Опубликовано в журнале Урал, номер 2, 2016
Александр
Архангельский. Коньяк «Ширван»: Дорожная повесть. — «Октябрь», 2015, № 10.
«Перестройка началась внезапно…» — внезапно начинается новая повесть Александра Архангельского, критика, литературоведа, публициста, а в данном случае писателя, работавшего с 1986 года в редакции «Дружбы народов» и занимавшегося Закавказьем, о чем, кстати, можно узнать еще из одной его недавней публикации — эссе в армянском номере журнала «Знамя» (2015, № 11).
Почему повесть начинается с перестройки, лично мне понятно.
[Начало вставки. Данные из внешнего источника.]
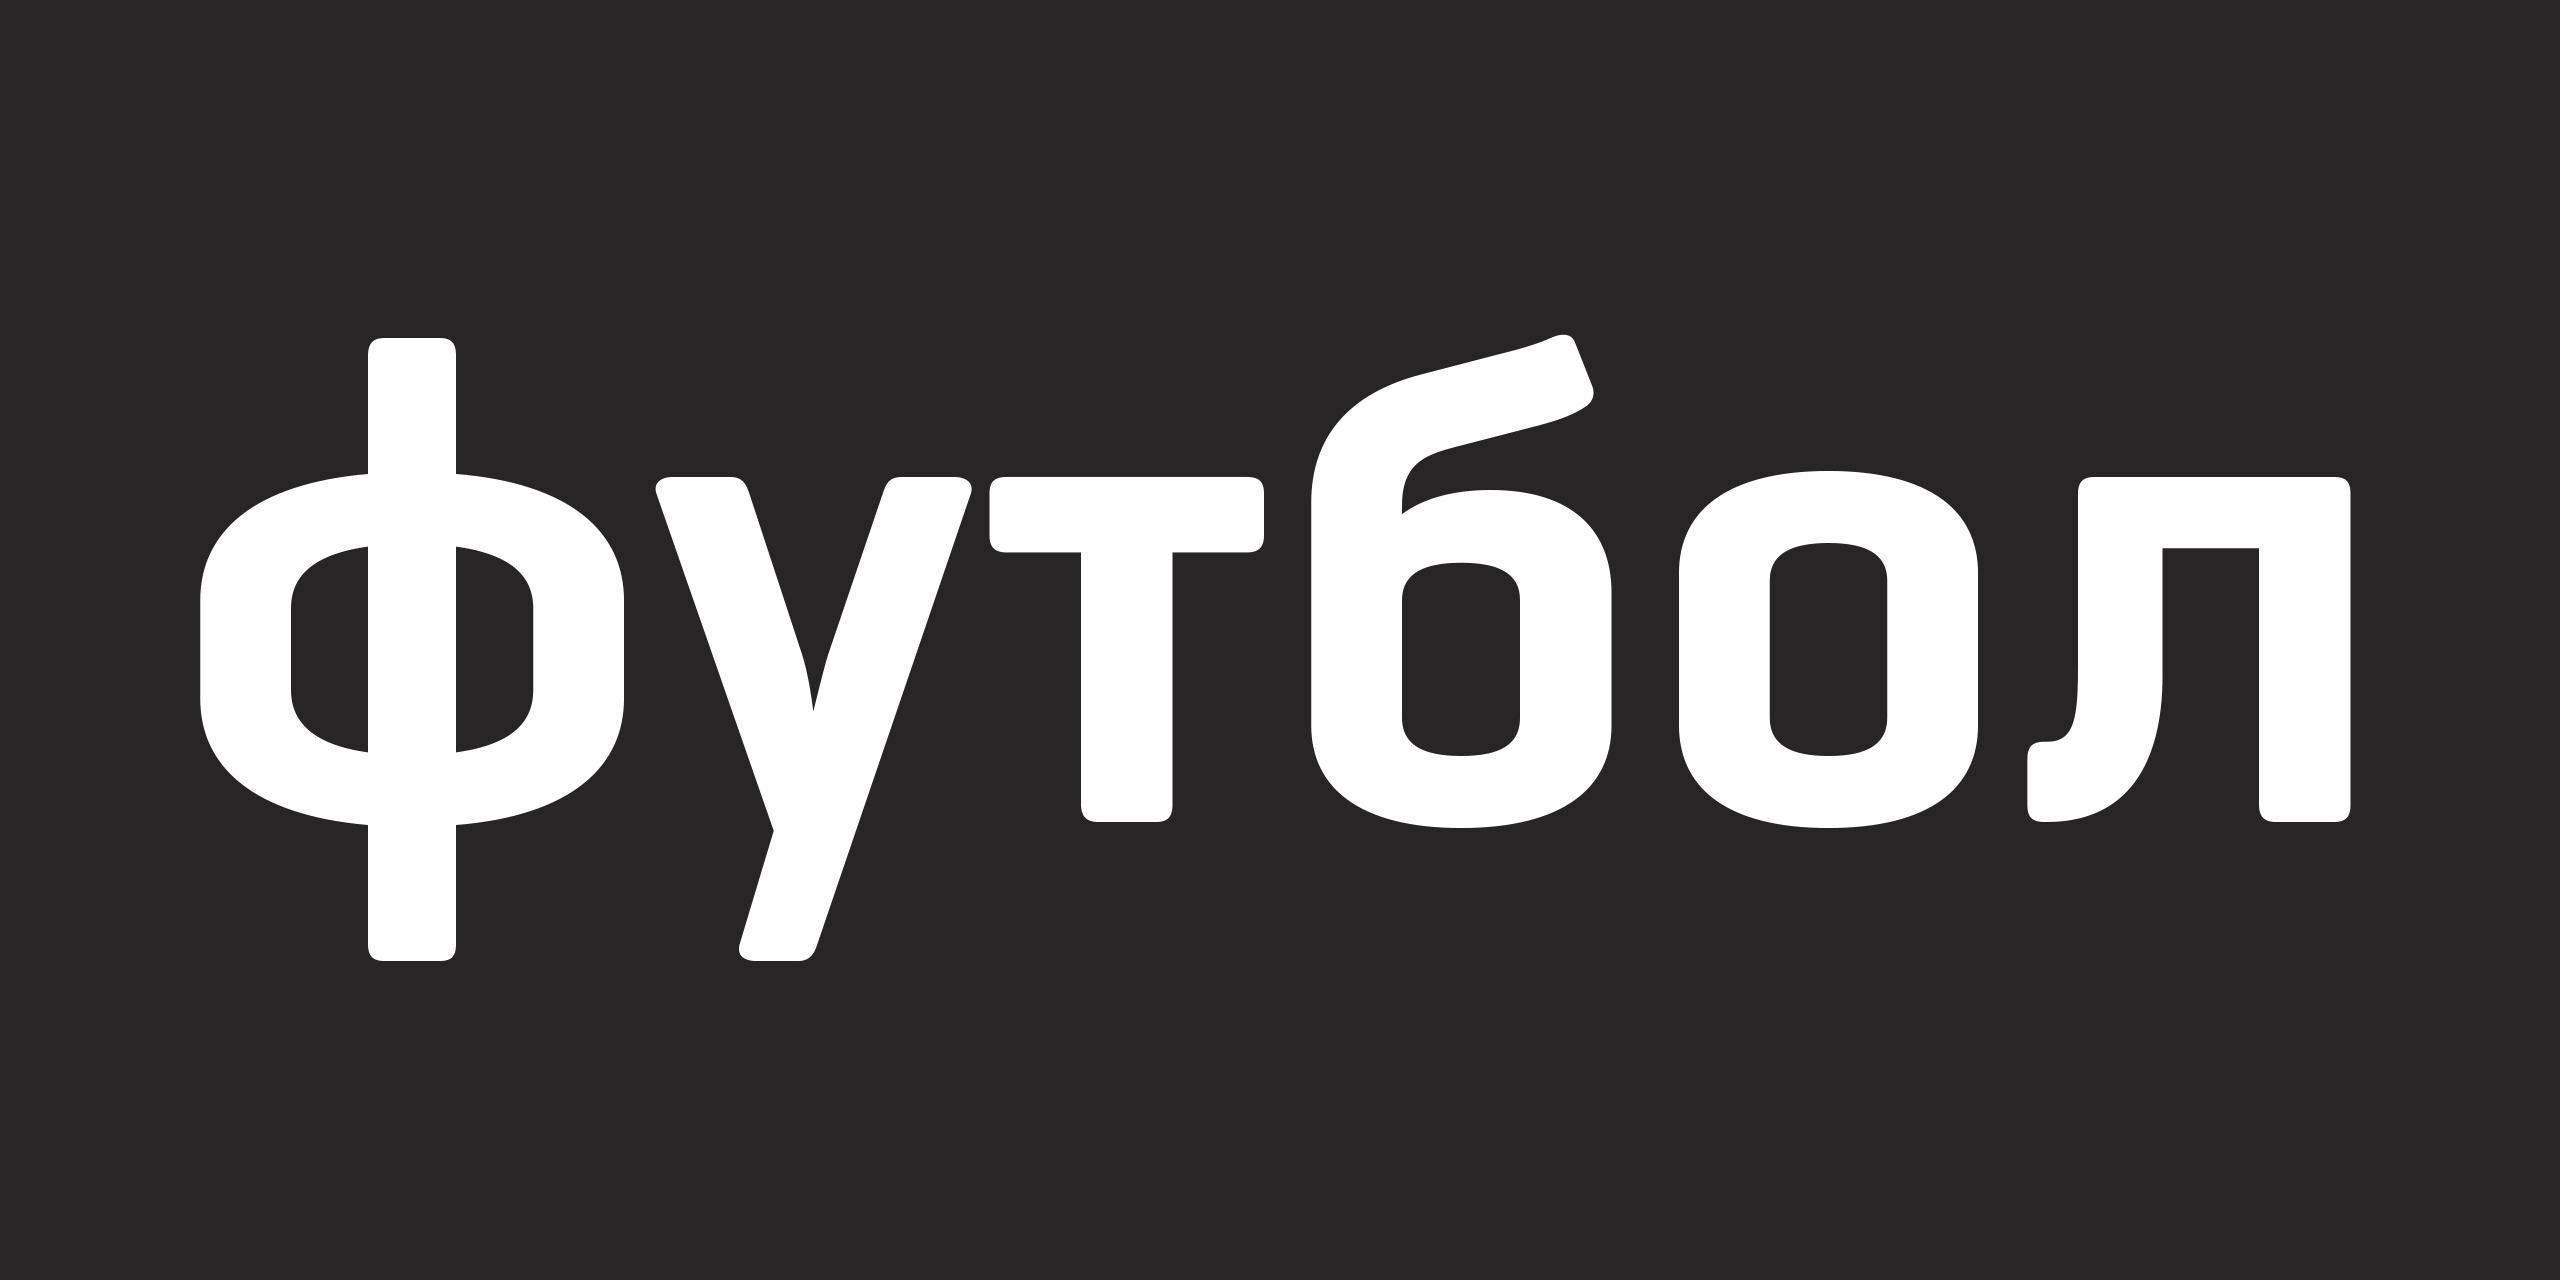 Geogrotesque Cyrillic Font Family
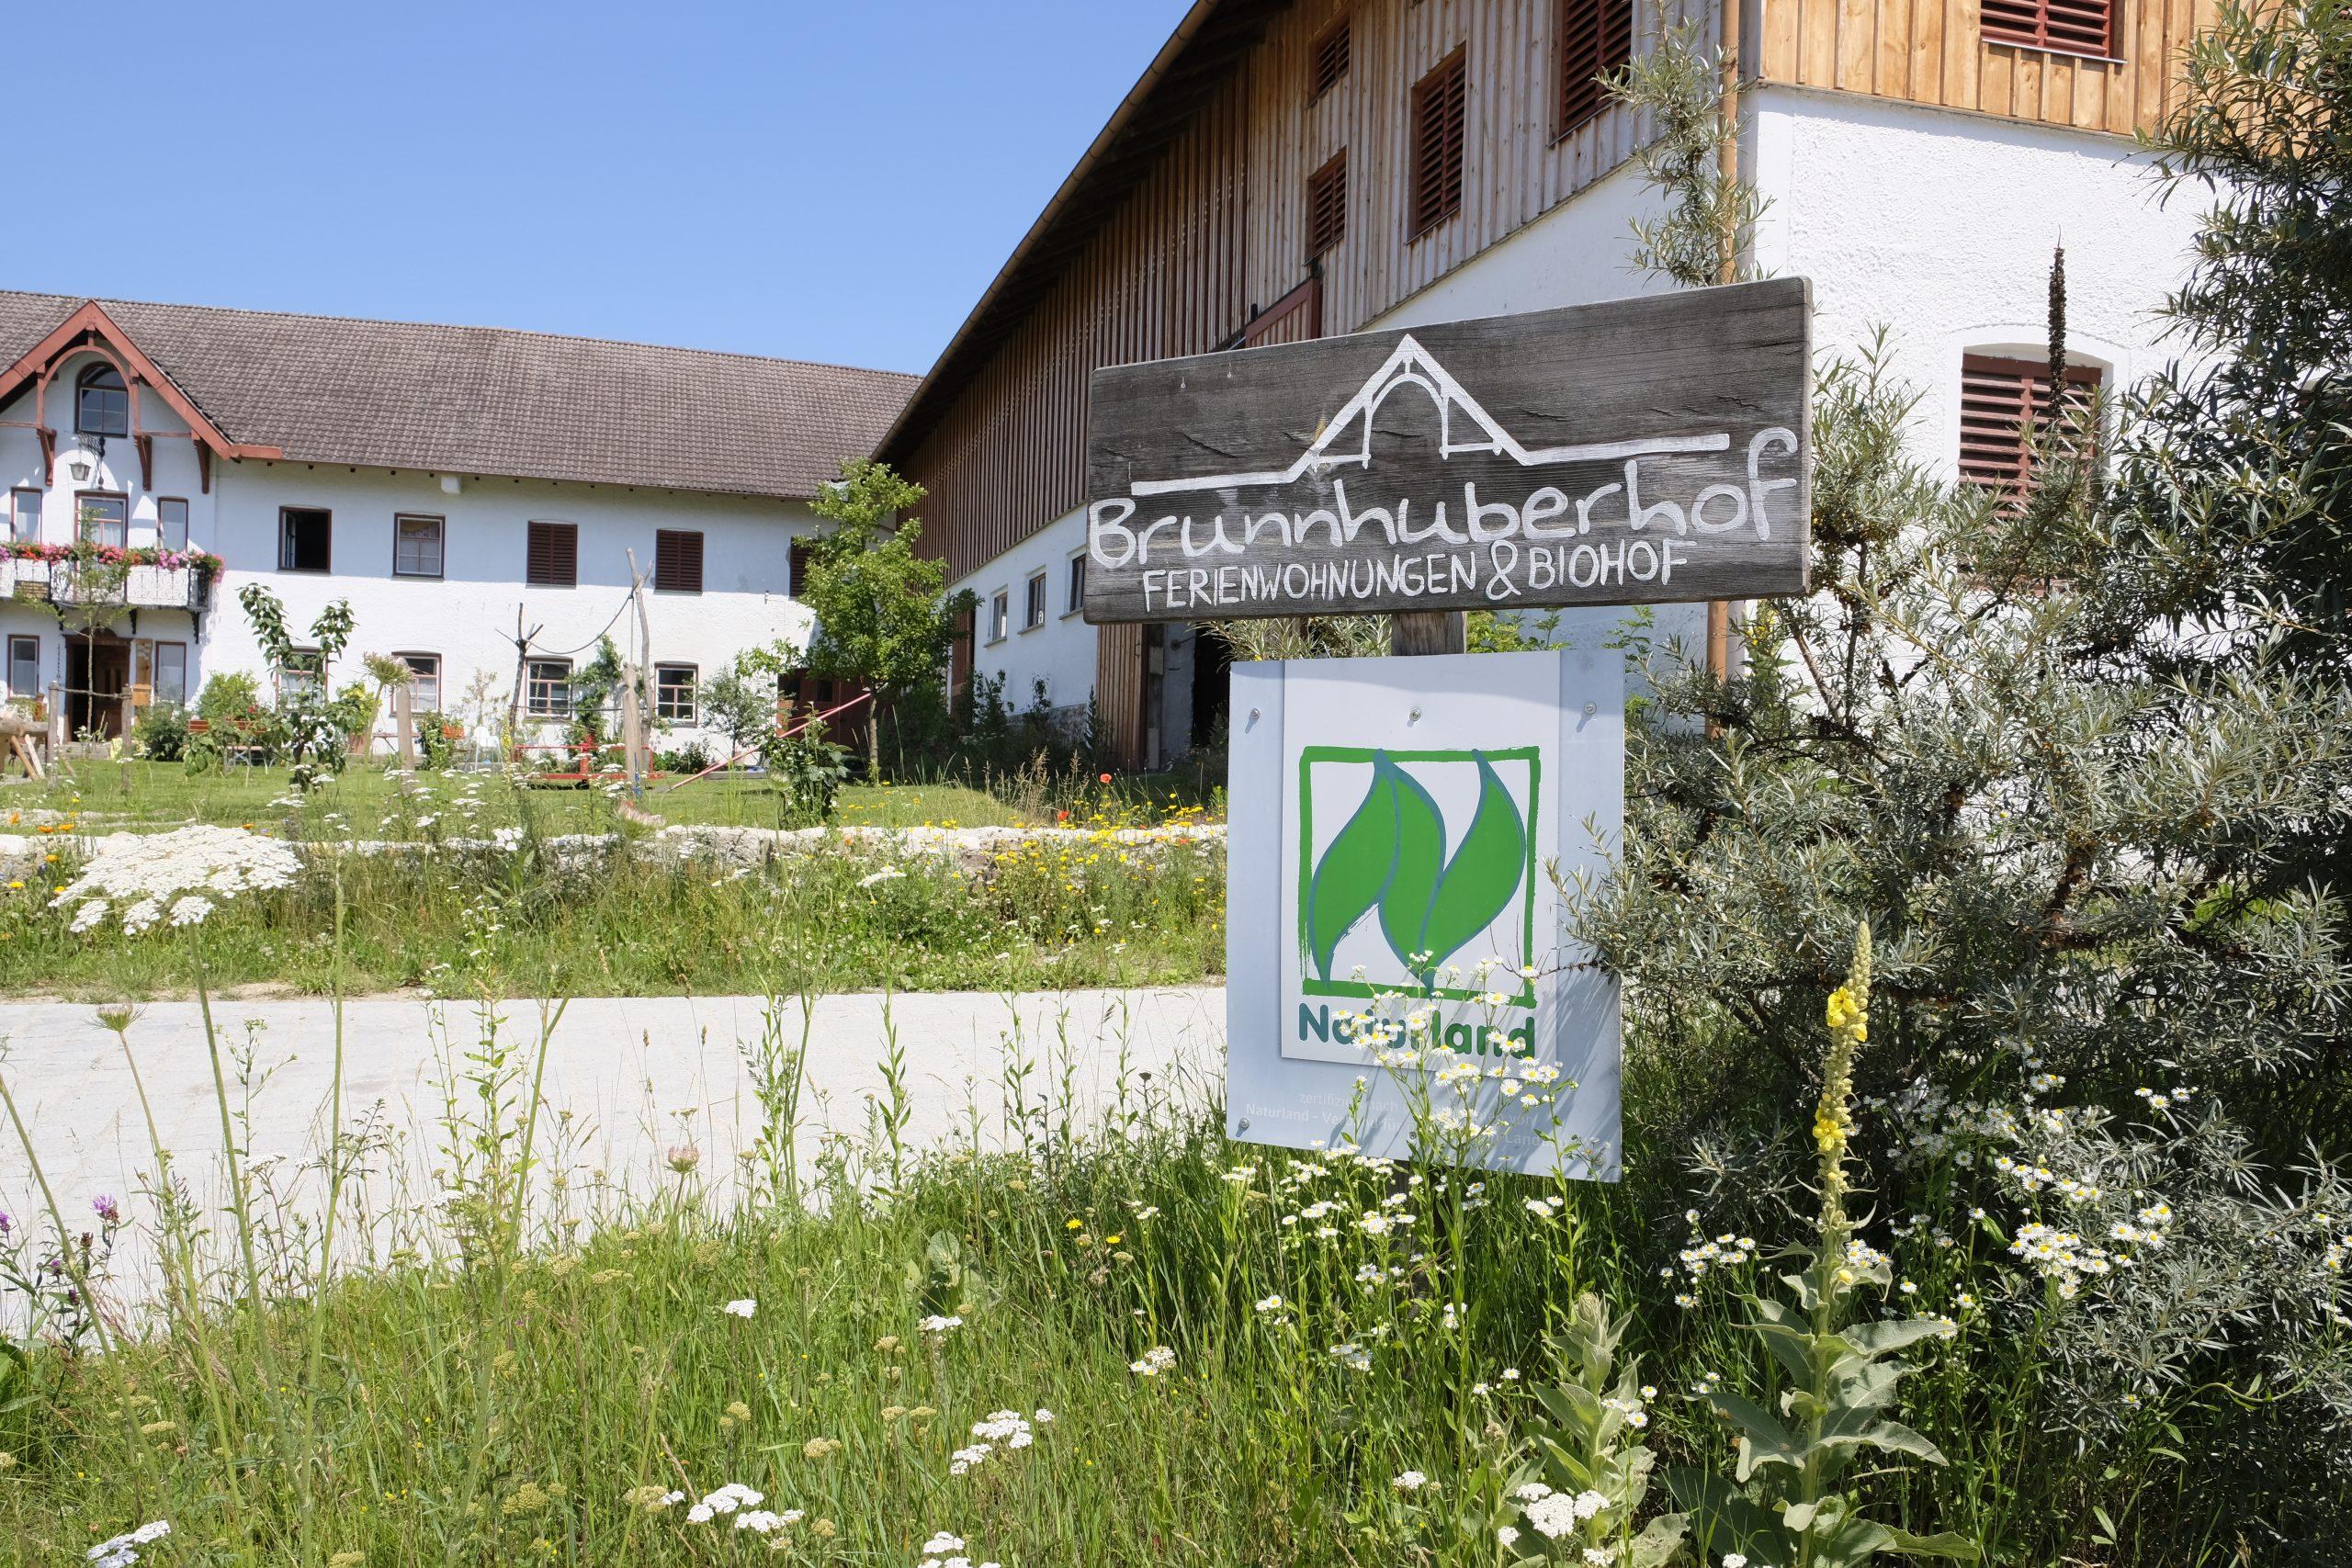 Brunnhuberhof

Дело и во все более определенном общественно-политическом запросе части элит на обновление/демонтаж системы, и в необходимости переосмысления пусть не столь отдаленного, но уже прошлого, — эпохи, которая видится сейчас как время формирования ключевых смыслов постсоветской России, не сумевшей, впрочем, сгенерировать что-то принципиально новое и откатившейся к привычным советским и досоветским моделям существования. Светлое прошлое, подменившее светлое будущее, в 2000-е стало национальным проектом, а перестройка и 1990-е в этой концепции — временем однозначно деструктивным, лихим, не годящимся для каких-либо иных интерпретаций. Нужно отметить, что сама широкая востребованность такой концепции — серьезный показатель того, что реальные 1980-е и даже 1990-е стираются из коллективной памяти, как практически стерты оттуда реальные 1970-е, в частности, их мощнейший нонконформистский опыт, о чем, например, совсем недавно говорила мудрая Ольга Седакова. Но стоит ли напоминать, что, вынимая какое-либо звено из общей цепи, пусть это будет в нашем случае историческая цепь, мы не получаем функционального целого? А потому и 1980-е, и 1990-е нуждаются в самом пристальном внимании и очищении от балласта стереотипов.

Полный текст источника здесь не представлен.